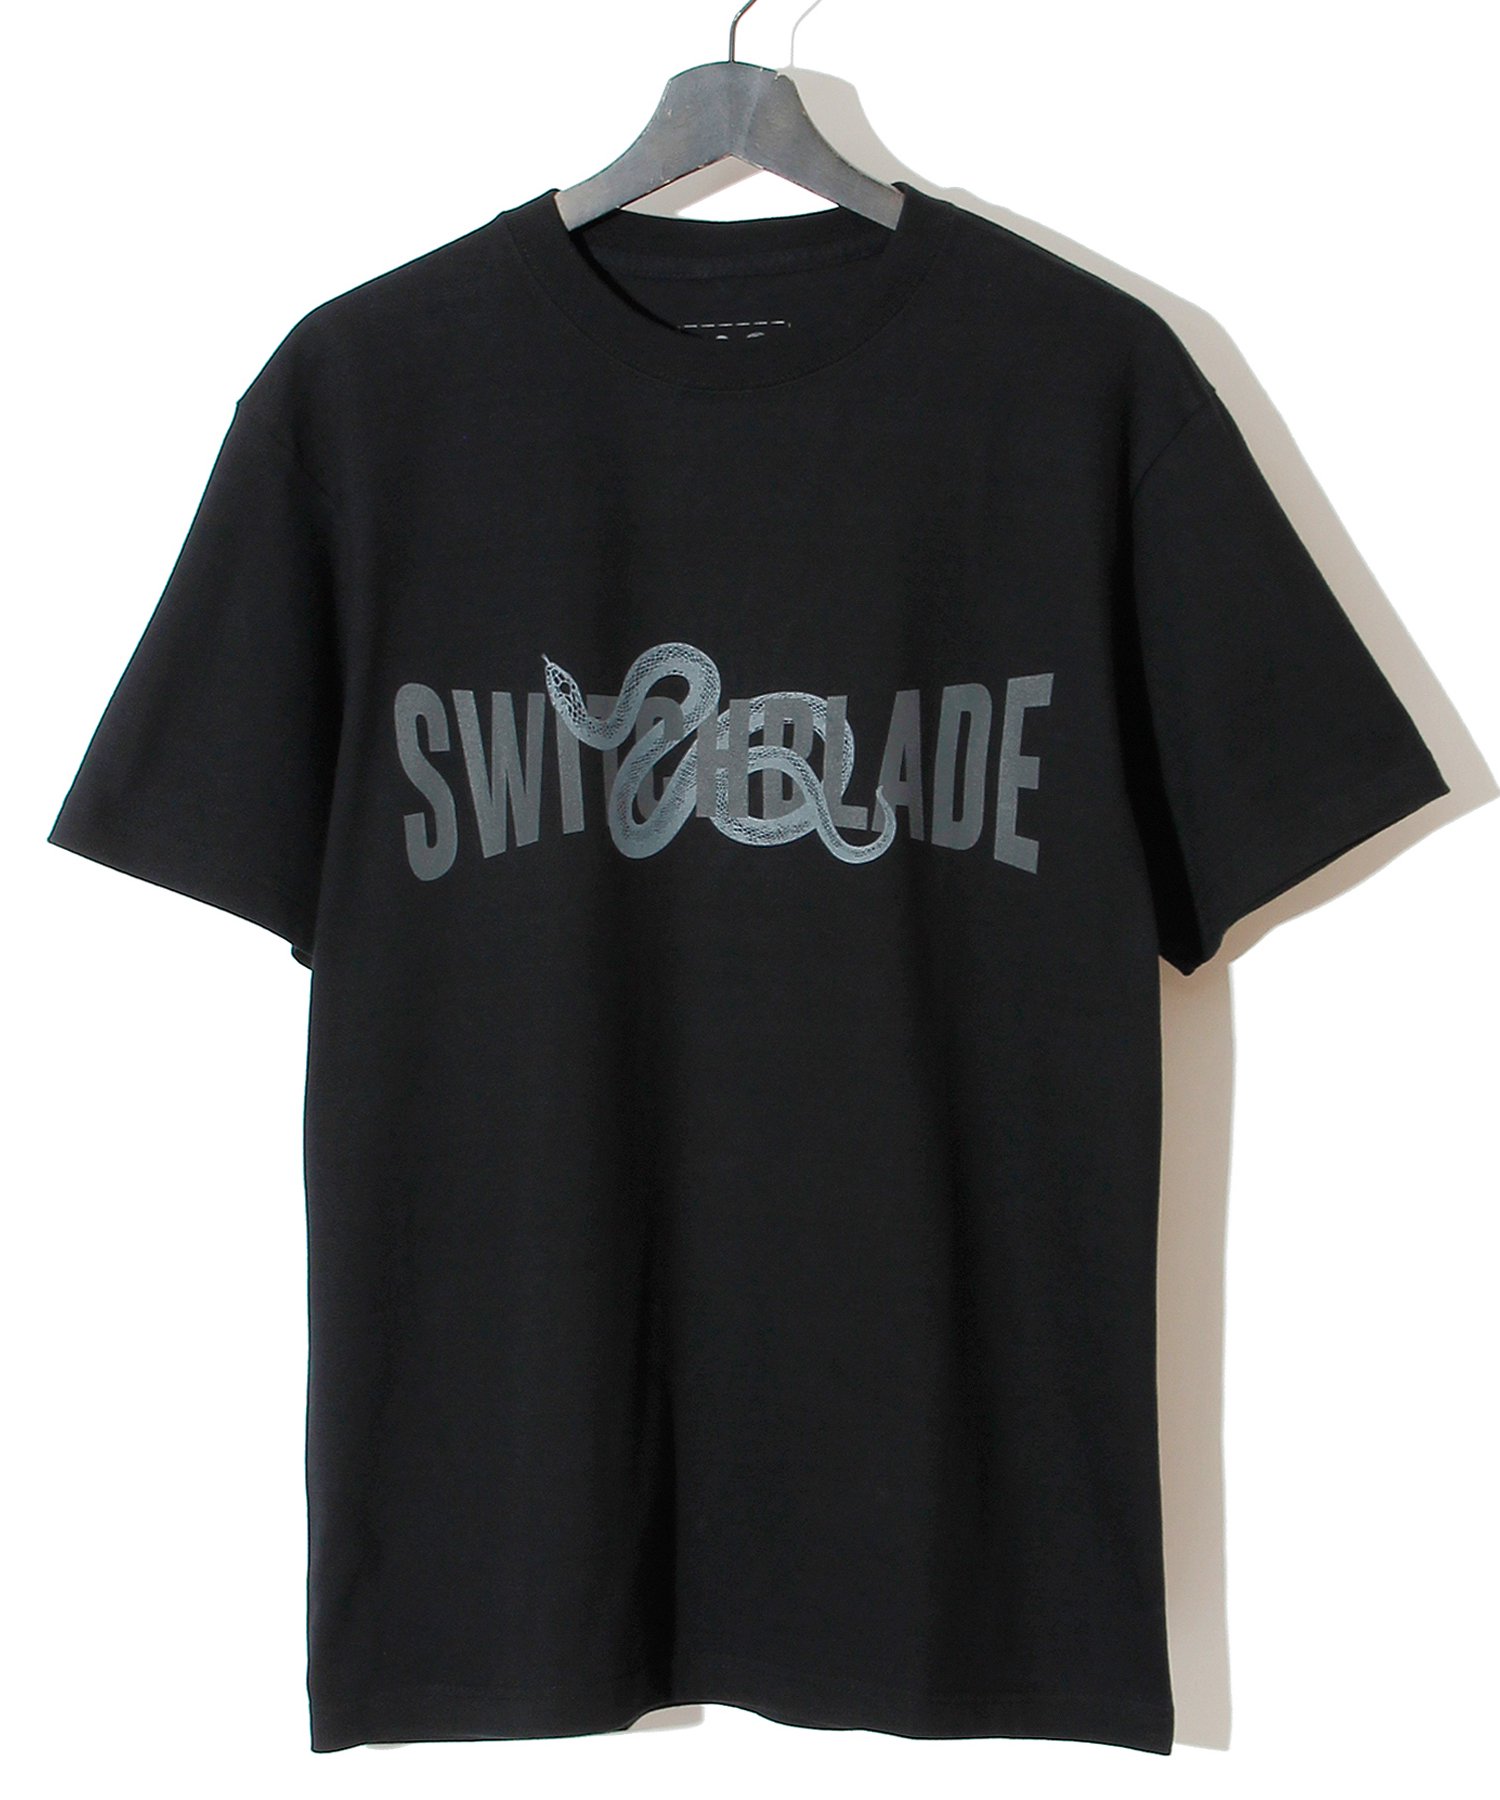 SWITCHBLADE （スイッチブレード） SNAKES AND CURVED LETTERS TEE【BLACK】
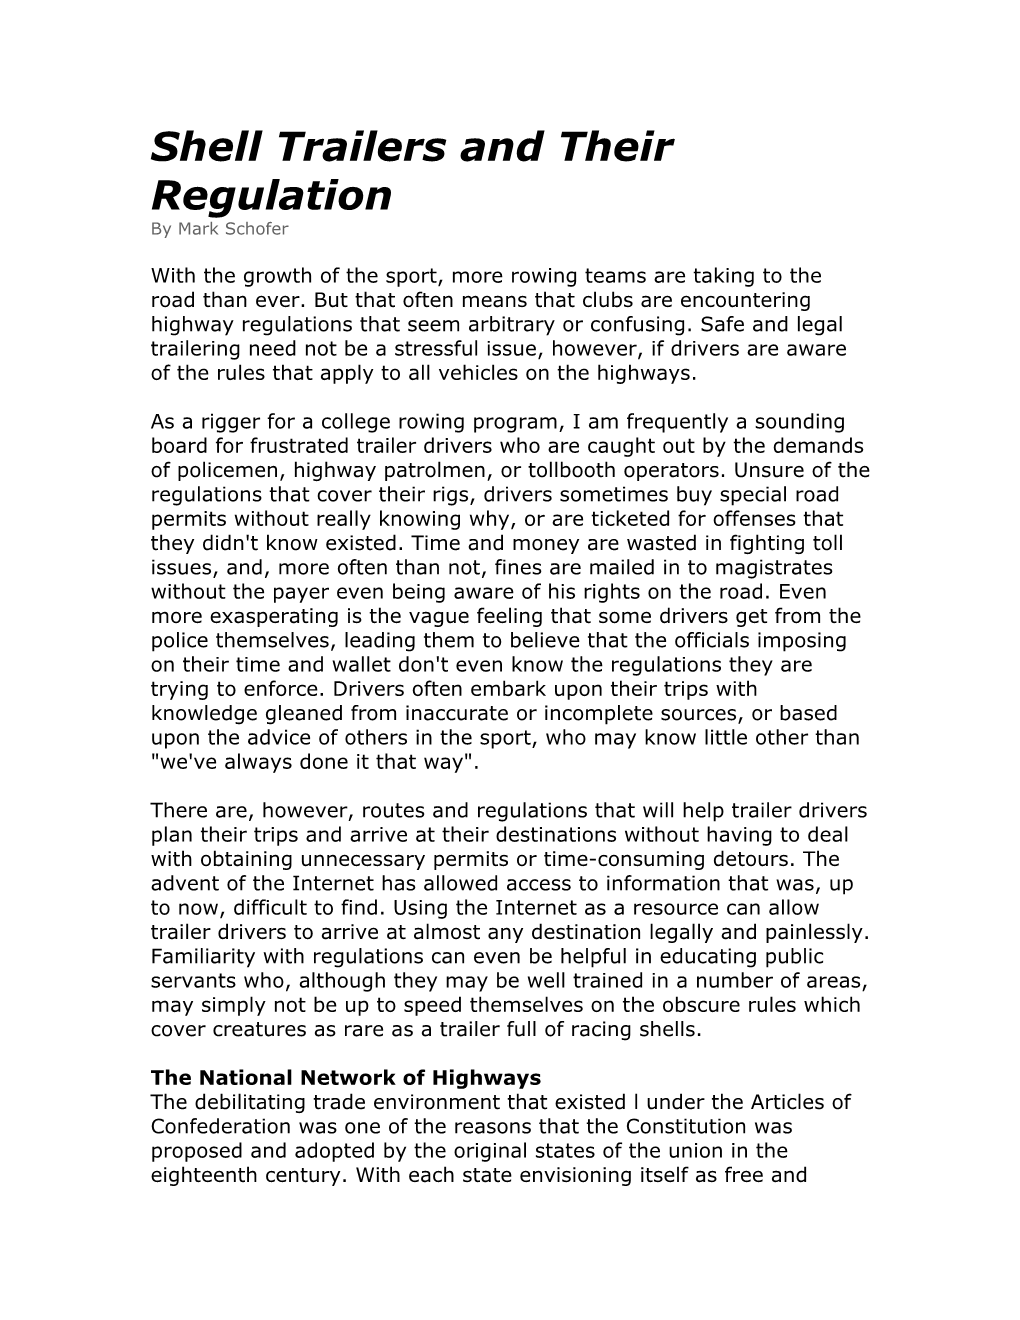 Shell Trailers and Their Regulation
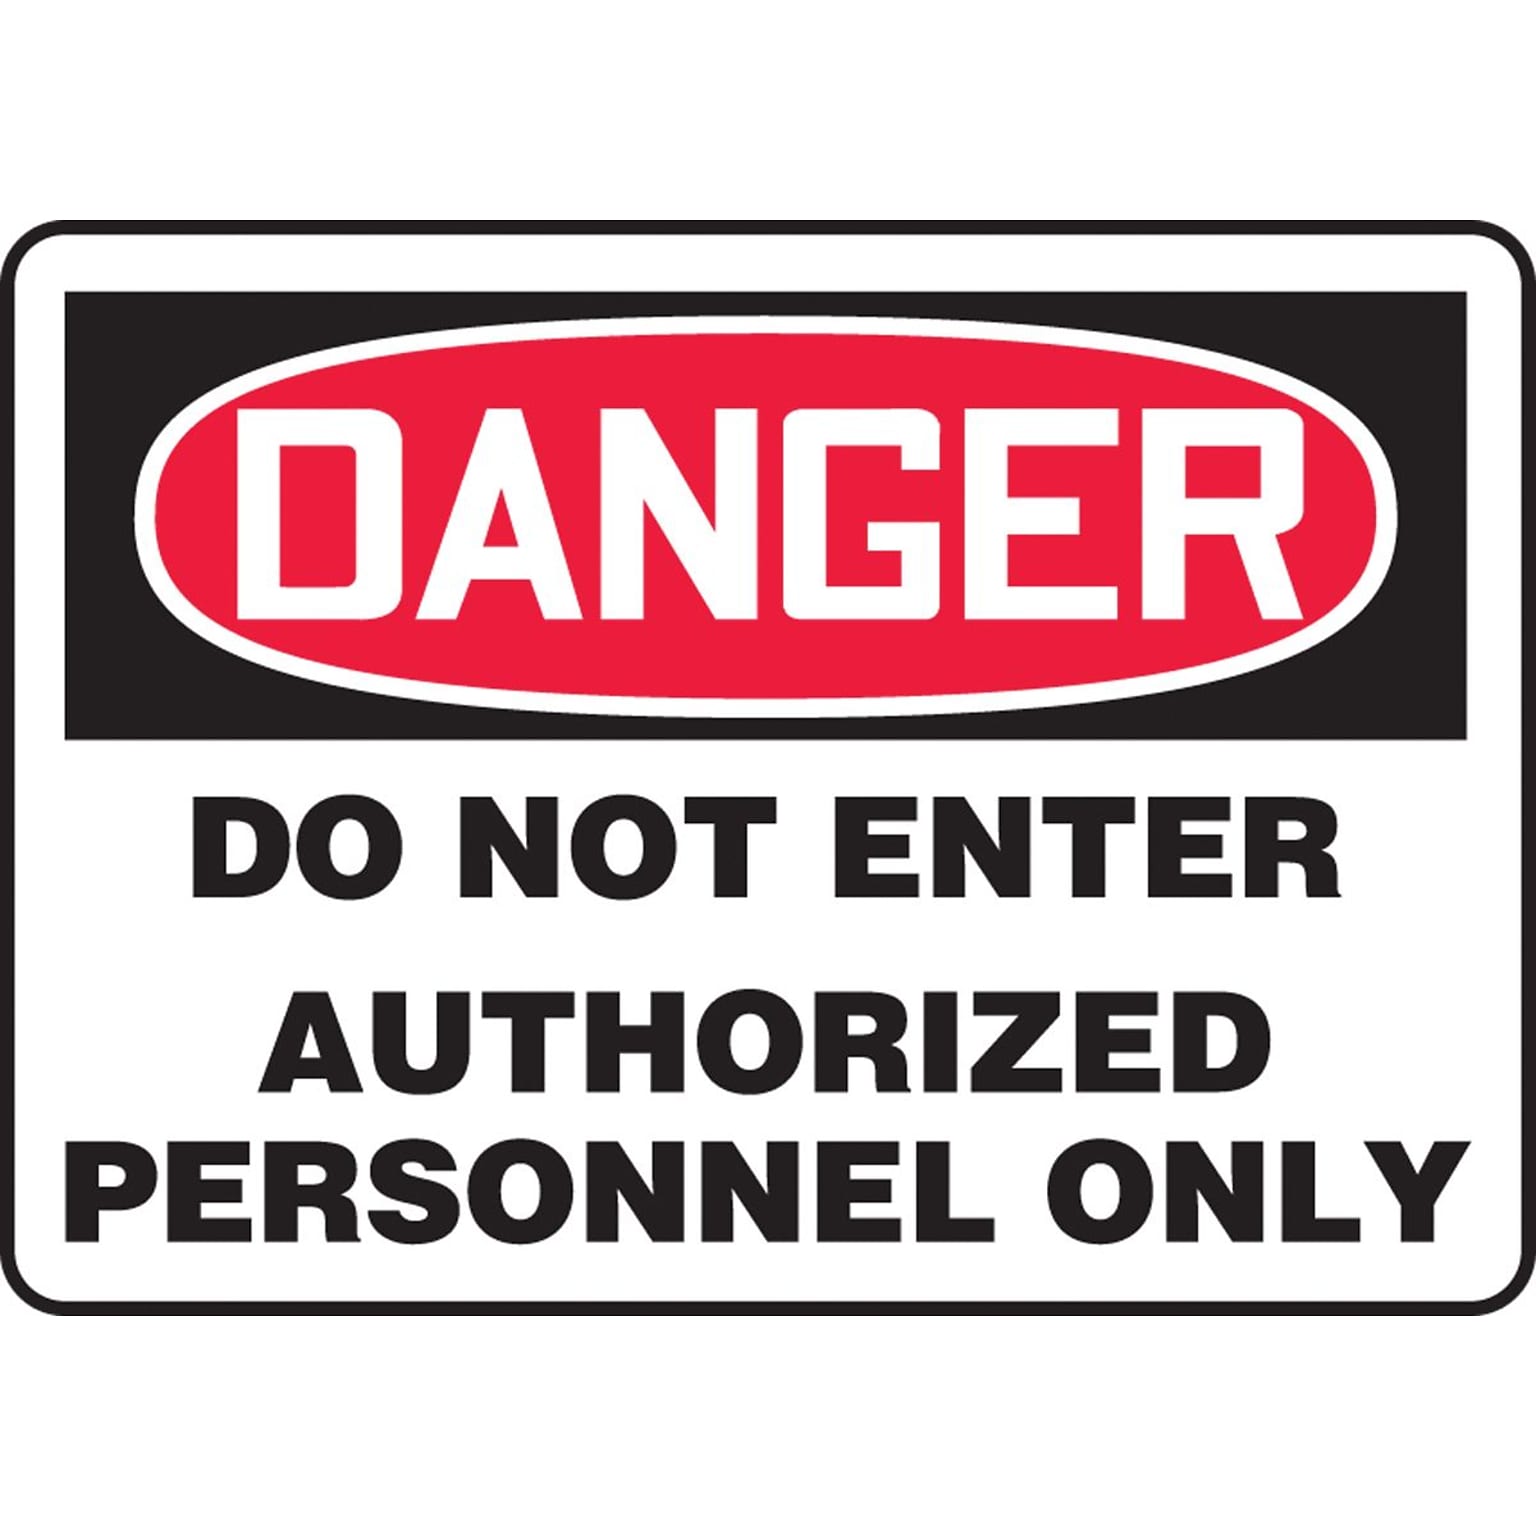 Accuform 7 x 10 Plastic Safety Sign DANGER DO NOT ENTER AUTHORIZE.., Red/Black On White (MADM140VP)
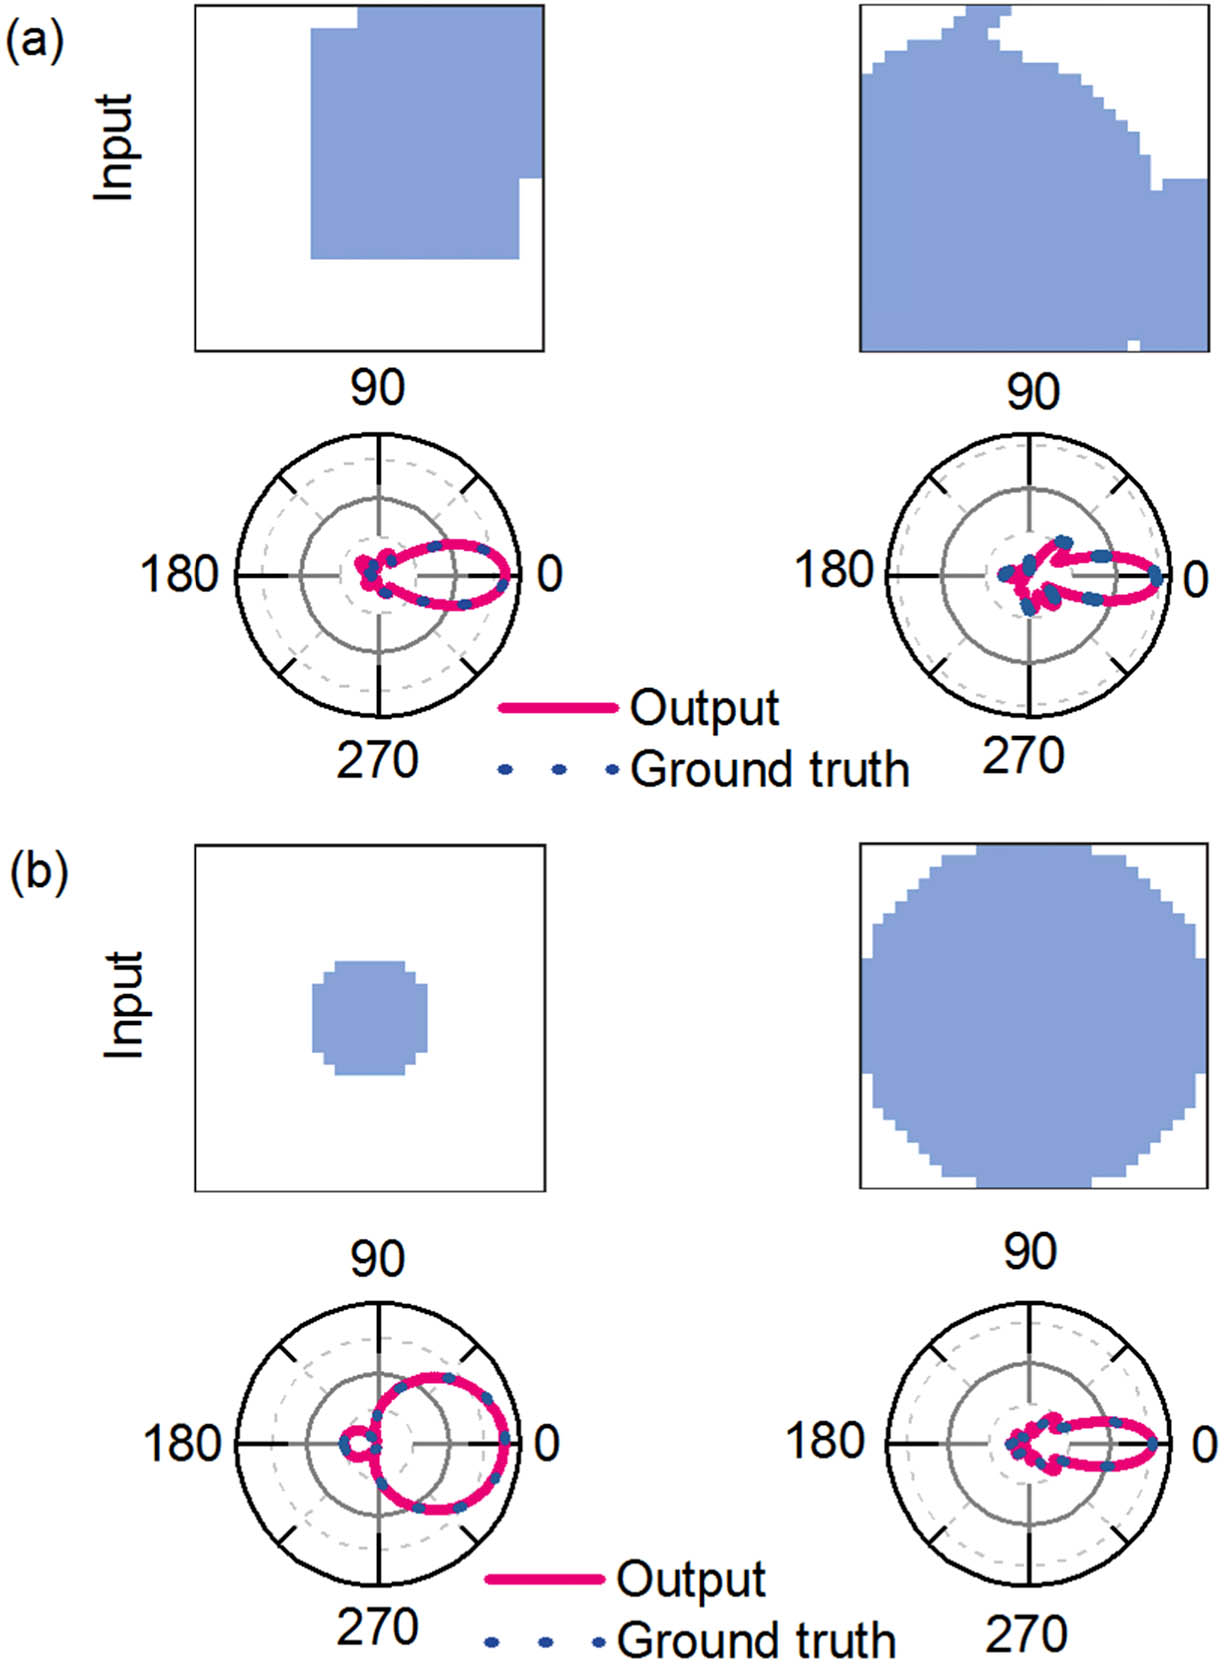 Examples of results from our method on: (a) random structures from the test set; and (b) typical shapes with different sizes, compared to the ground truth.
•••
Starting at the line that holds "Accuform 7 x", reproduce each line through the last one of the listing, and nothing more; the pictures stay out.

 Accuform 7 x 10 Plastic Safety Sign DANGER DO NOT ENTER AUTHORIZE.., Red/Black On White (MADM140VP)
 Examples of results from our method on: (a) random structures from the test set; and (b) typical shapes with different sizes, compared to the ground truth.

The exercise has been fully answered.